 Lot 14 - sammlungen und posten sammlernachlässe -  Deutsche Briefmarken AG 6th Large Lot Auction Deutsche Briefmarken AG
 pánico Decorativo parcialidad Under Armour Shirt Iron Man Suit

==

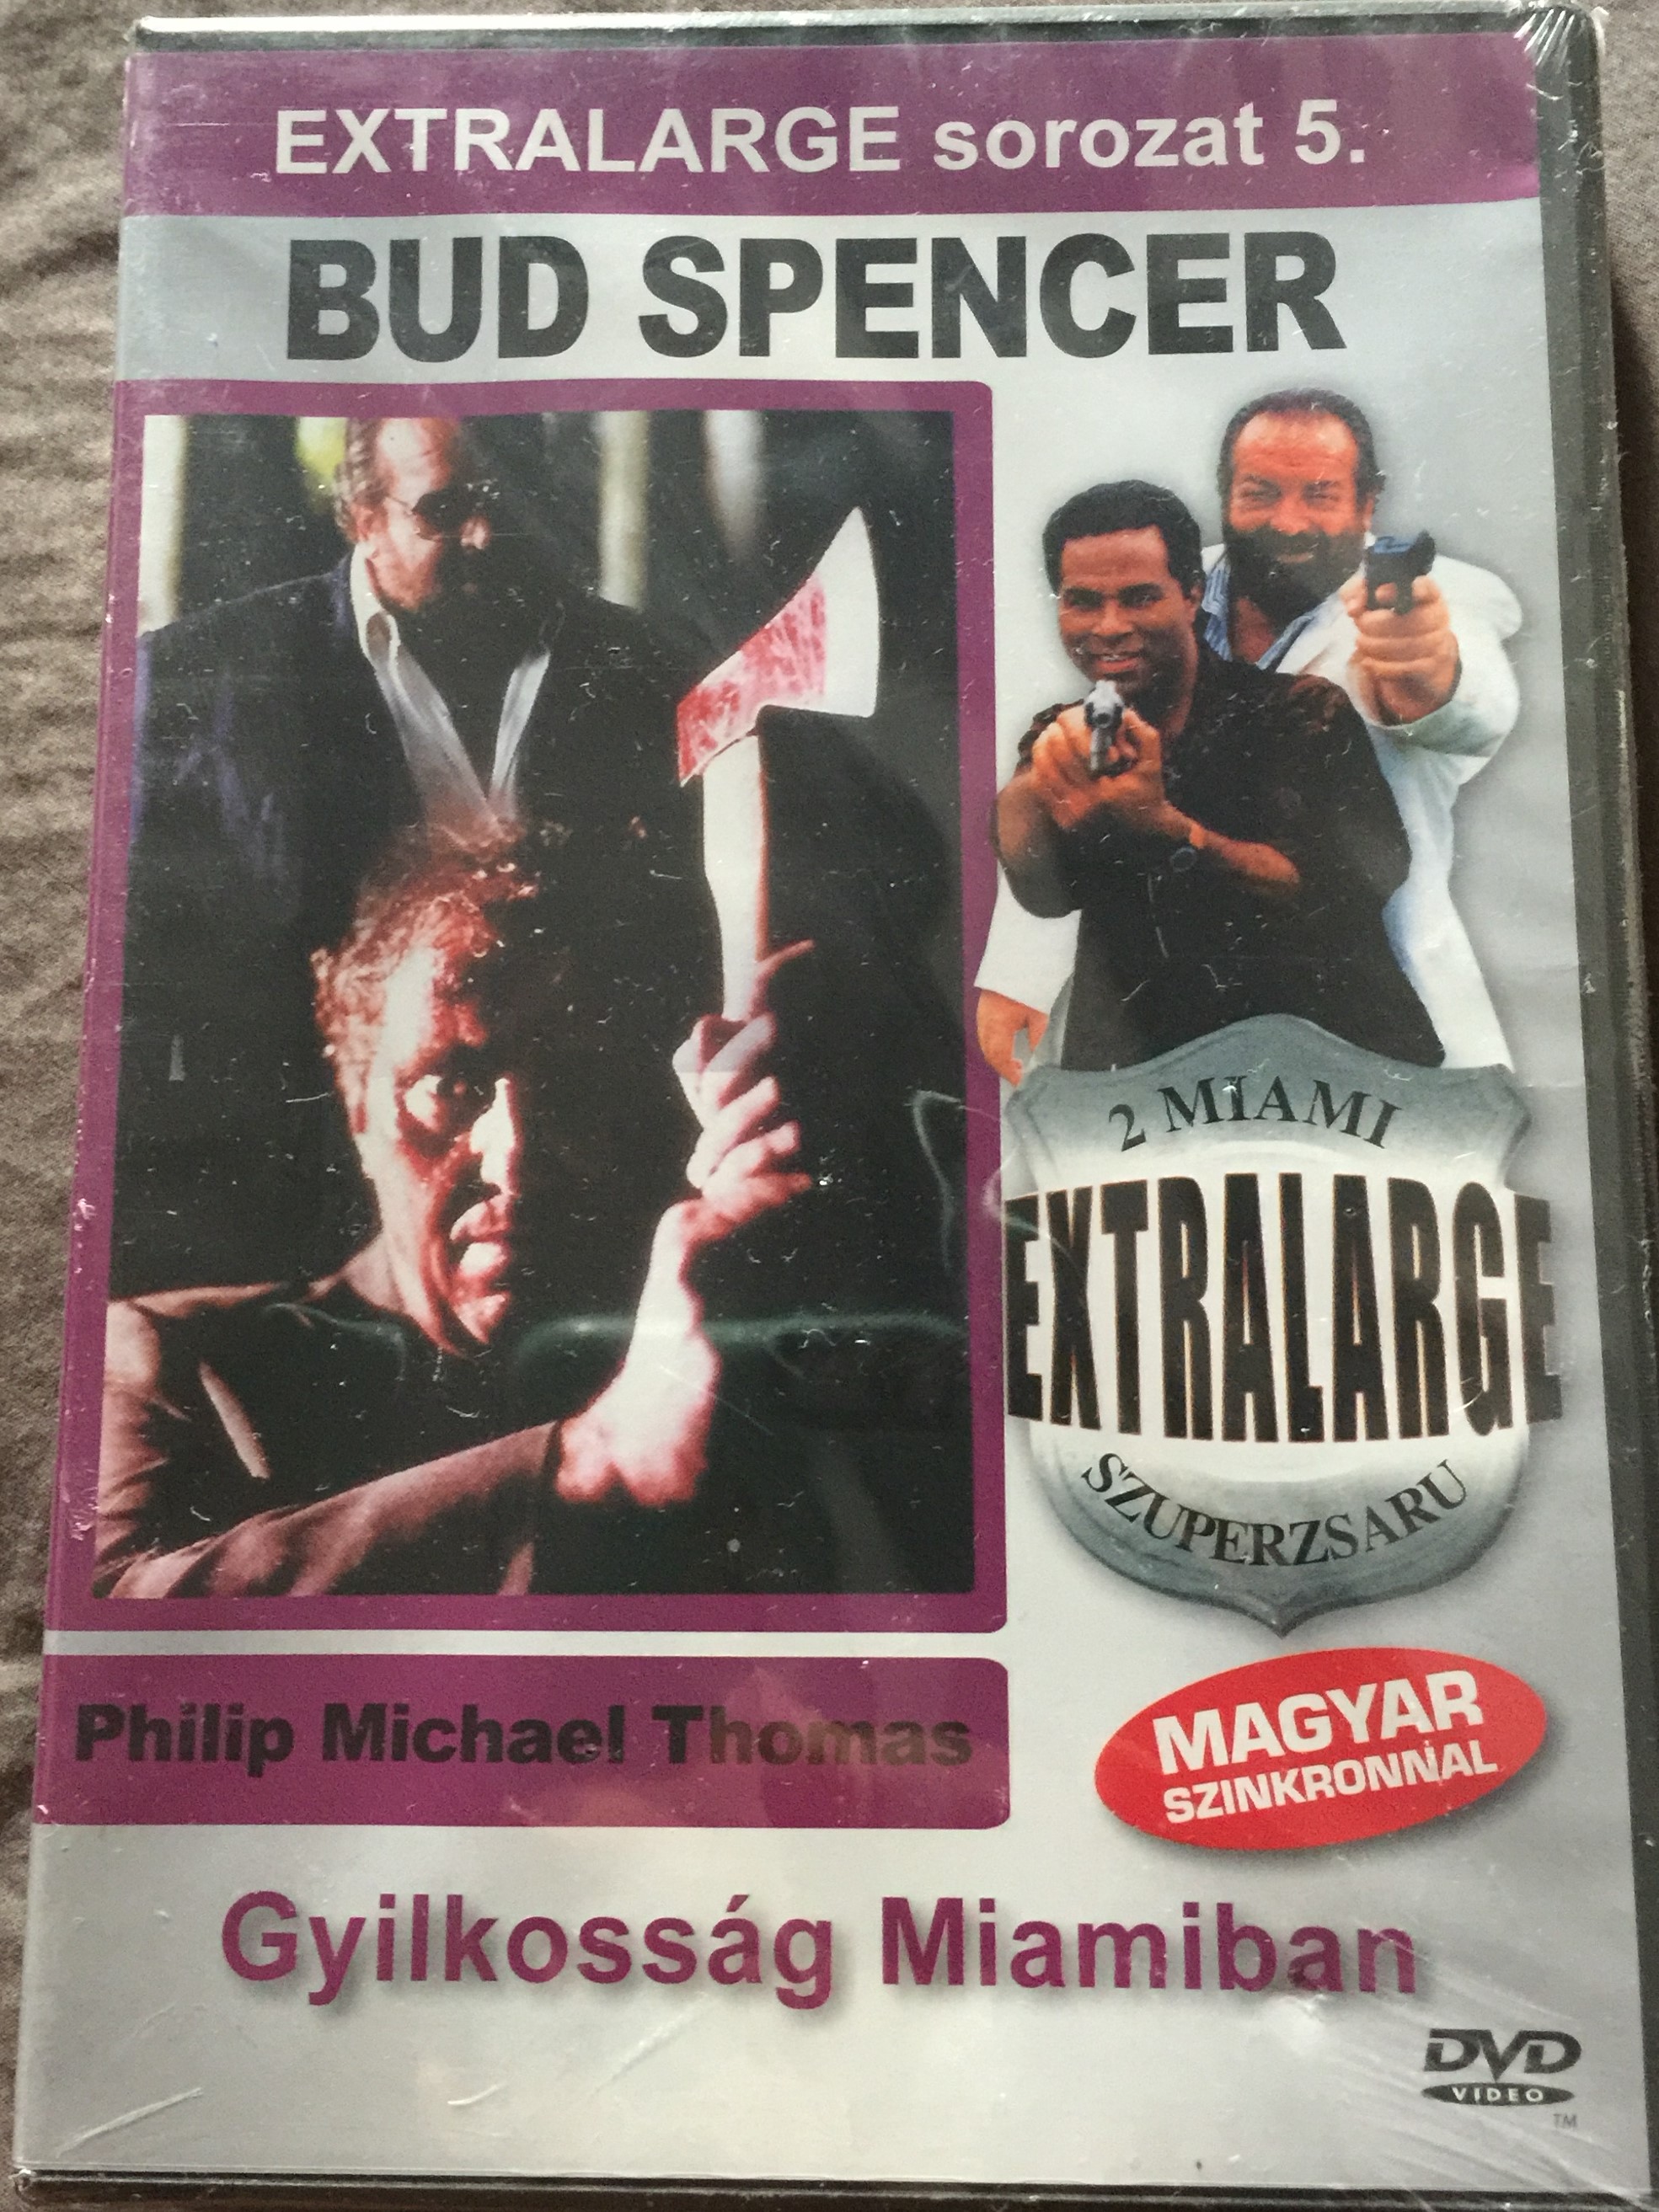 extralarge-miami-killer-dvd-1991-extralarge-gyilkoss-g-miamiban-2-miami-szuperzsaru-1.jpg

PROMPT —
From the records above, print only the lines between the one holding "Lot 14 - sammlungen" and the one holding "pánico Decorativo parcialidad", inclusive, exactly as they stand.

ANSWER SECTION —
 Lot 14 - sammlungen und posten sammlernachlässe -  Deutsche Briefmarken AG 6th Large Lot Auction Deutsche Briefmarken AG
 pánico Decorativo parcialidad Under Armour Shirt Iron Man Suit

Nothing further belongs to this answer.